NASA’s spacecraft LADEE finally arrived at the moon’s orbit on Sunday to give answer to questions about the source of the feebly lunar atmosphere and to display a laser communications system.

The Lunar Atmosphere and Dust Environment Explorer (LADEE) spacecraft launched at 6:57 a.m EDT and traveled for four minutes, permitting the moon’s gravity to welcome it into a high-altitude orbit over the equator. Despite the government shutdown, controllers at NASA’s Ames Research Center in California continued with their operations.

LADEE’s mission is to penetrate a highly elliptical retrograde orbit taking the spacecraft around the moon every 24 hours. A couple of major orbit adjust burns are scheduled on October 9 and 12 to lessen the altitude of LADEE’s orbit, eventually reaching an orbit that is roughly 155 miles above the moon’s equator.

Greg Delroy, LADEE's deputy project scientist at Ames, told Space Flight, "The orbit around the moon is retrograde, meaning opposite the lunar rotation, and also around the equator. A lot of the lunar science missions have done a polar orbit, but because of the kind of science we're after, we very much want to be around the equator."

The spacecraft traveled for a month around the Earth and completed three loops before it reached the moon’s orbit.
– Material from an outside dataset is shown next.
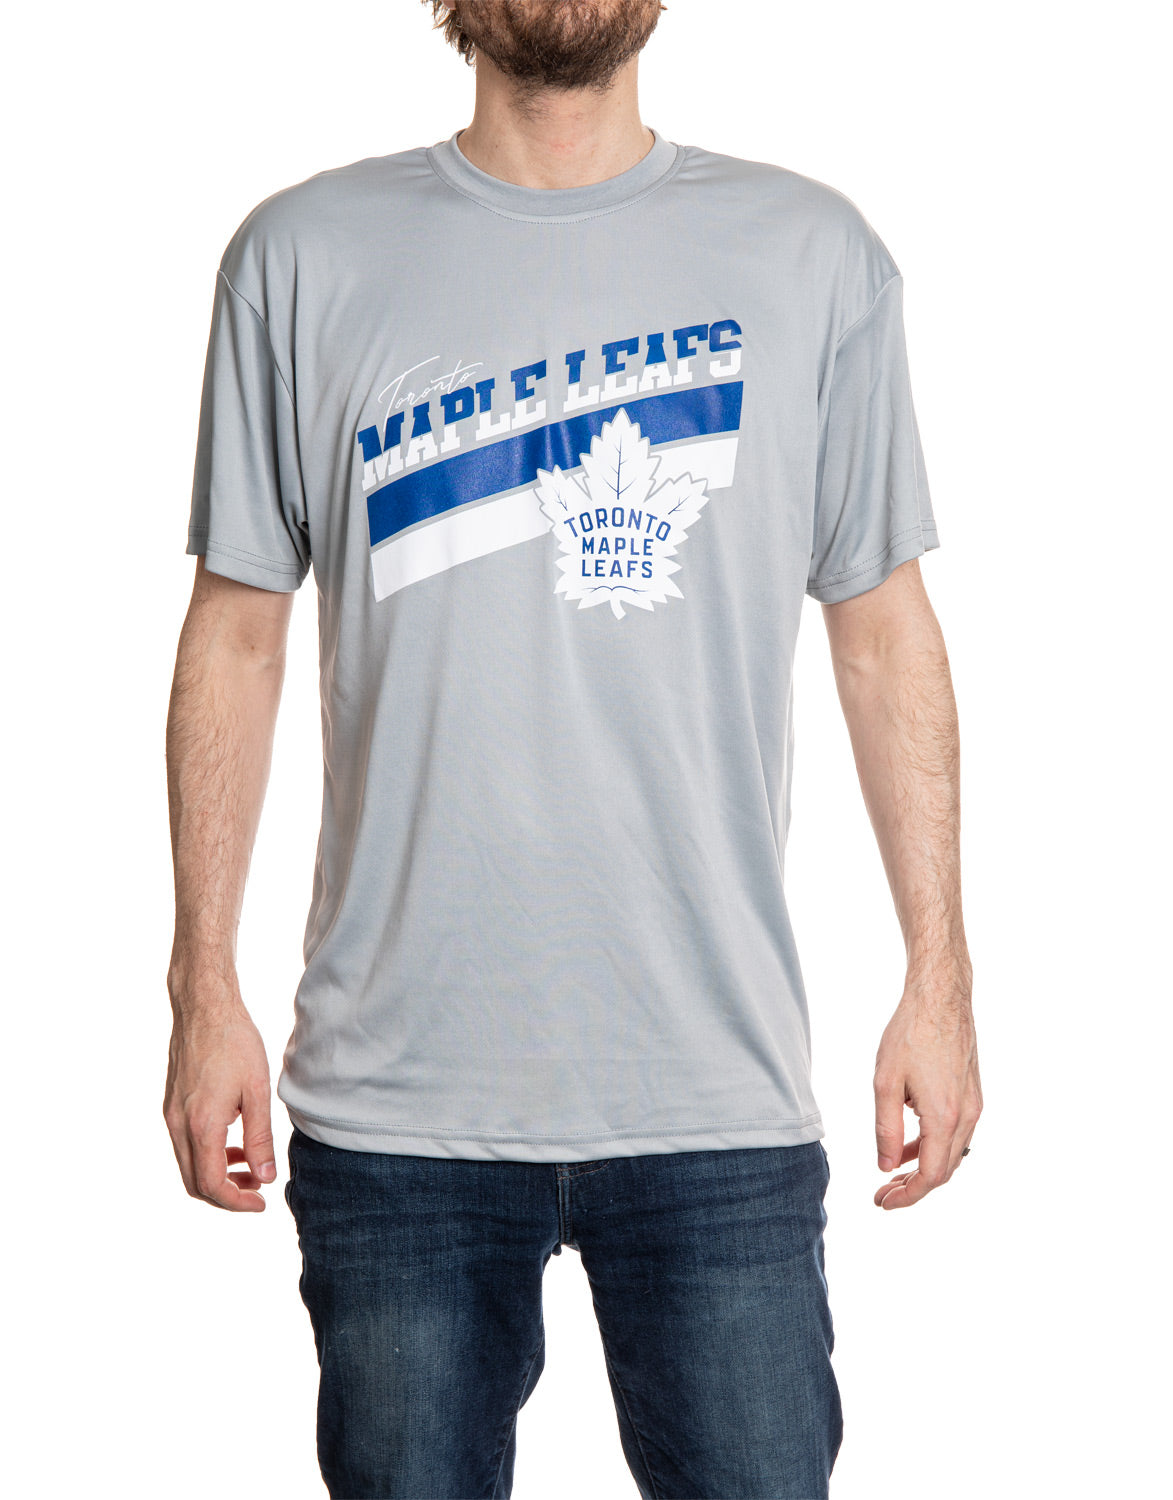 Toronto Maple Leafs Men's Short Sleeve "Stripes" Rash Guard Wicking T-Shirt

When LADEE have reached the 155-mile-high orbit, ground teams will start commissioning the probe's three science instruments, turn on the spacecraft's laser communications package for a 30-day exhibition of high-speed optical communications, and deploy aperture covers from the sensors.

LADEE’s Lunar Laser Communications Demonstration will connect with ground stations in California, Canary Islands and New Mexico to exchange data packets at speeds unachievable with radio communications system.

The changes of the lunar exosphere, measuring its response to sunlight, especially around the terminator where the night and day side of the moon meet will be studied by LADEE’s science instrumentation.

The spacecraft will also search for signs water and hydroxyl, drifting from the moon’s middle latitudes to polar cold traps in permanent shadow, where scientists claim ice can last for billions of years.

Lastly, the mission’s dust particle sensor will classify dust concentrations in the space above the moon and help scientists know the mechanisms driving the dust particles from the surface.

The mission will end in early 2014 through an intentional crash into the moon after LADEE runs out of propellant.